トン・コープマン オルガン・リサイタル
バッハを聴き始めたころからの夢だった(といっても自分の場合ここ10年足らずの話ですが)、トン・コープマンさんのオルガンコンサートに行ってきました。6月21日、場所はミューザ川崎シンフォニーホール。以前ここで松居直美さんの弾く「フーガの技法」を聴いたことは当ブログにも書きました(松居直美「J.S.バッハ:フーガの技法」@ミューザ川崎シンフォニーホール | EPX studio blog)。
コープマン氏は言わずと知れたバロック音楽およびバッハ研究の大家で、特にカンタータや鍵盤楽曲の充実度は群を抜いており、どの盤を聴いても信頼感があります。YouTubeなど動画メディアでの露出も多く、学者然とした気難しそうなひげもじゃの風貌のわりに、アクションが大きくなんだかチャーミングなおじさんがいたらコープマンかもしれません。
今回の来日プログラムはブクステフーデ、スヴェーリンク、ダカンそしてJ.S.バッハなど。馴染みのない曲も多かったので、事前にGoogle Play Musicでプレイリストを作って予習しておきました。ほとんどの曲についてコープマン本人の録音があって、改めてGoogle Play Music便利だなと思いました。これ、バラバラの曲をCDで集めようとなったら本当に大変だ。

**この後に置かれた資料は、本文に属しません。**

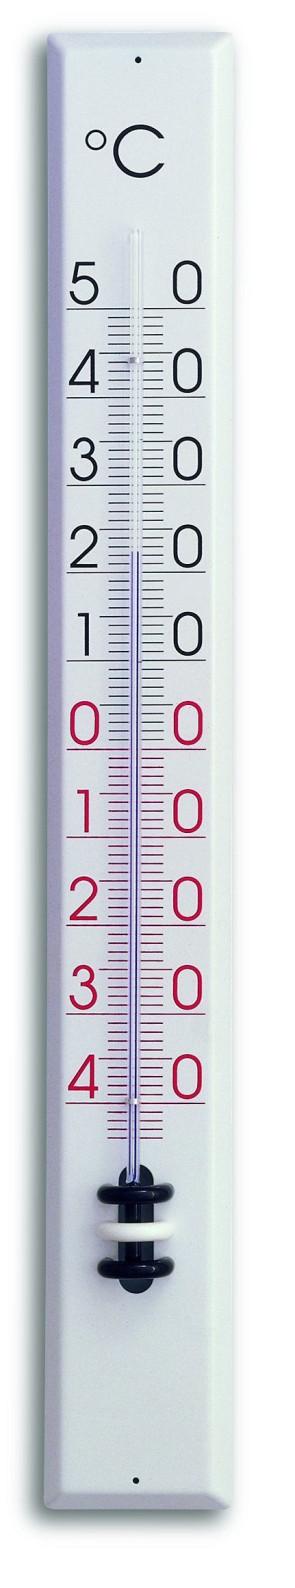 Termometro analogico a parete per interno ed esterno di TFA

ミューザ川崎は平日夜でしたがほぼ満員の様子で、さすがに客層も老若男女幅広く。相変わらず壁一面を支配するパイプオルガンの存在感は圧巻で、照明が落とされてスポットが当たると余計に金色に浮かび上がって、宇宙空間のようでした。
コープマン氏の演奏は、映像で観るよりももっとダイナミックで、激しいものでした。1曲目のブクステフーデのトッカータ ヘ長調 BuxWV157からすごい勢いで飛ばす。なんというか、各声部がバッチリ分かれて聞き取れるような整然とした、あるいは神聖さを感じるような重厚な演奏では全然なくて、スピードに乗ったフレーズが塊になってぶつかってくる感じ。圧が凄かった!
おそらくああいうタイプの演奏は好みが別れるところなのでしょうが、私はその人にしかできない、その人の体内の肉体的リズムが湧き出てくるようなものをクラシック音楽のライブ演奏に求めているので、とにかく圧倒されました。本当にコープマンがこの場所で弾いているんだ…という。なんか、バッハが400km歩いてブクステフーデの演奏を聴きに行ったなんていうのが遠い昔の話で良かった。来てくれるんだものね。

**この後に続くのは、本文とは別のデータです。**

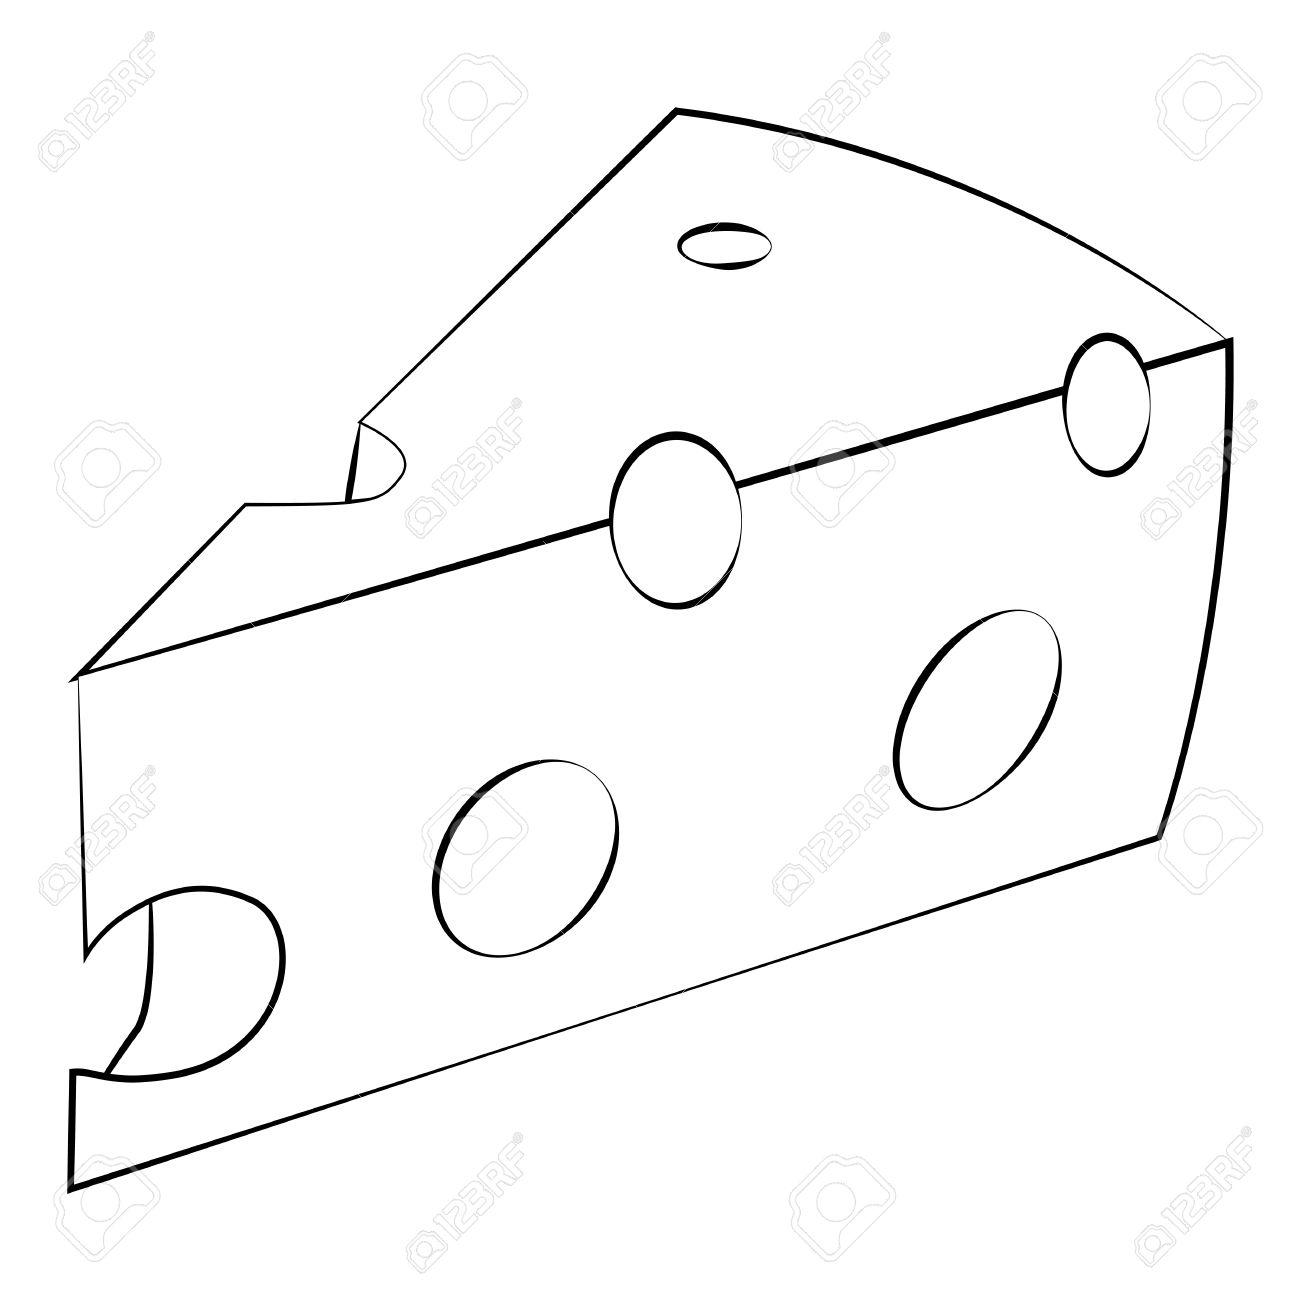 Cheese Drawing At Getdrawings

今回初めて知って気に入った曲が、L.-C.ダカンの「イエスがクリスマスにお生まれになったとき(Quand Jésus naquit à Noël)」という曲。軽快でかわいらしい変奏曲ながら、鍵盤の引き分けでポップな音と重厚な音が交互に現れて、オルガンらしいバラエティ感が楽しめます。

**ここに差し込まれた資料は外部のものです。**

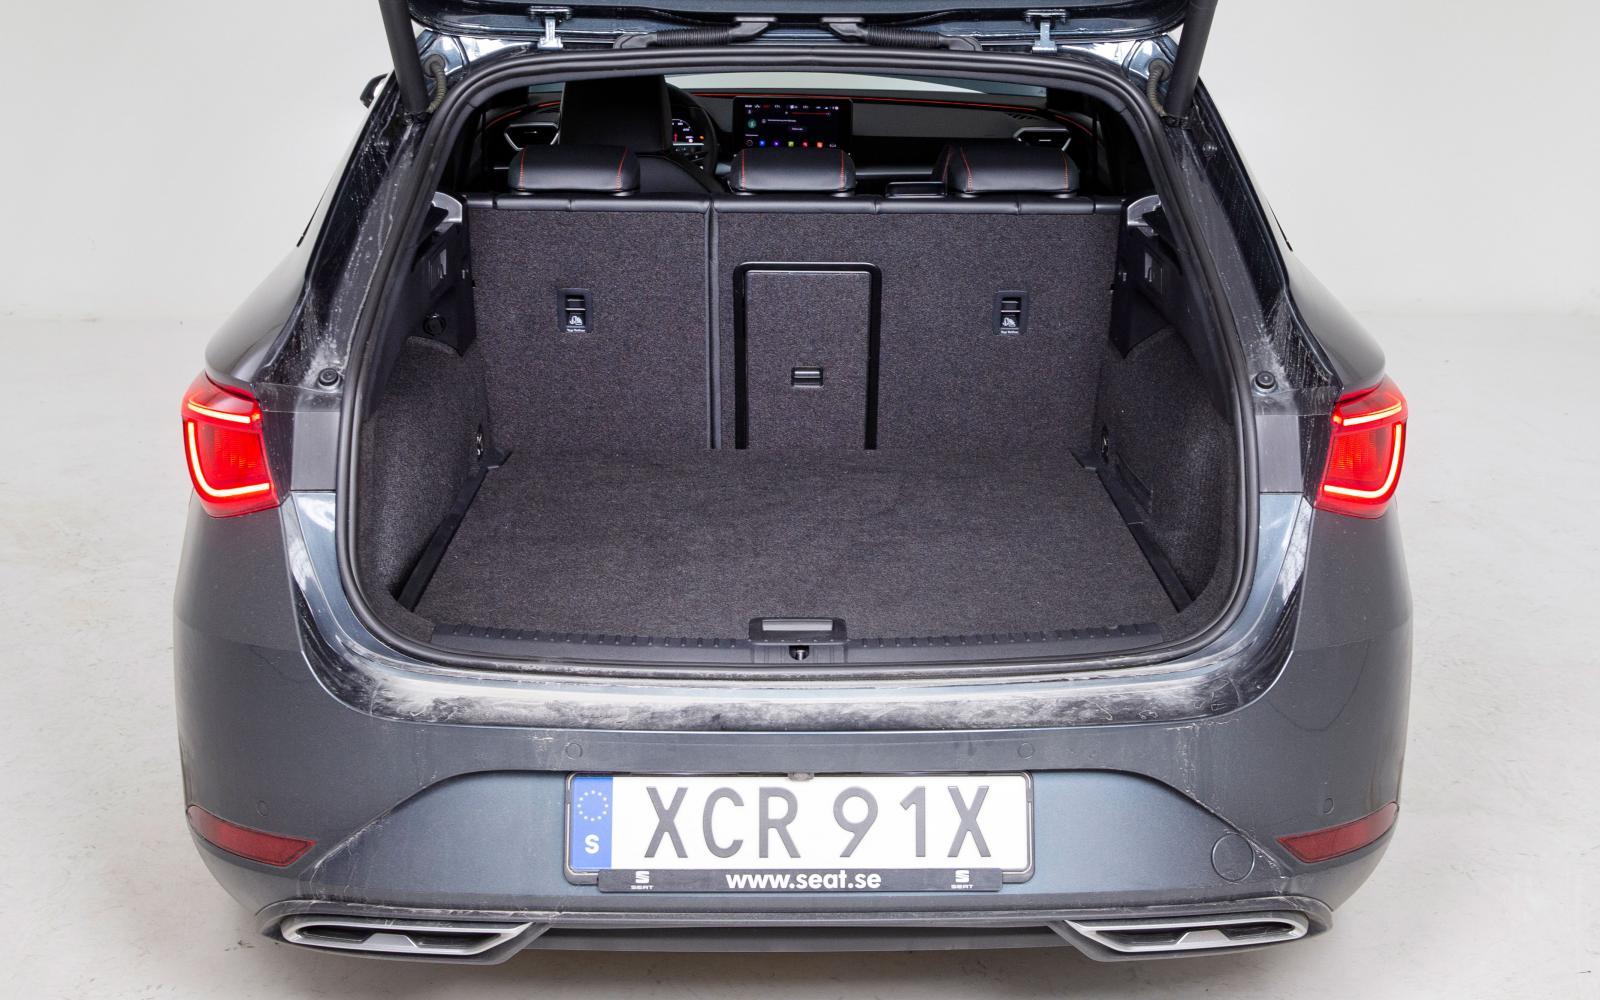 Seat: God flexibilitet med variabelt lastgolv. Utan fysiskt reservhjul finns en stor balja under golvet även i dess nedersta läge. Baksätet delas 60/40 och genomlastningsluckan är väl tilltagen.

そして、なんといってもプログラム最後のパッサカリア BWV582。この曲本当にバッハの魅力が凝縮されている点が大好きで、初めて生で聴くことができて感動しました。低音で現れる主題が20回の繰り返しの変奏を経て、フーガとして際限なく拡大してゆき、しかし最後にはひとつところに収束するという美しさ!人間誰もが追い求めて成しえない完全美を、音楽という理想世界で実現してみせたバッハのすごさを感じるのです。それが爆音として空気を振動させて伝わってくる説得力ですよね。
アンコールはドメニコ・スカルラッティのソナタK328、バッハのBWV639(大好きな曲だ)、カバニリェスの第2旋法によるティエント。拍手による求めに何度も出てきてアンコールに応じるコープマンさん、演奏から感じる厳格さや凄みとのギャップがあって、やっぱりどこかチャーミングでした。
来週は同じミューザ川崎でコンサート参加者を対象にした特別講義があるとのことで、これにも行ってみる予定です。ともあれ、念願叶いました。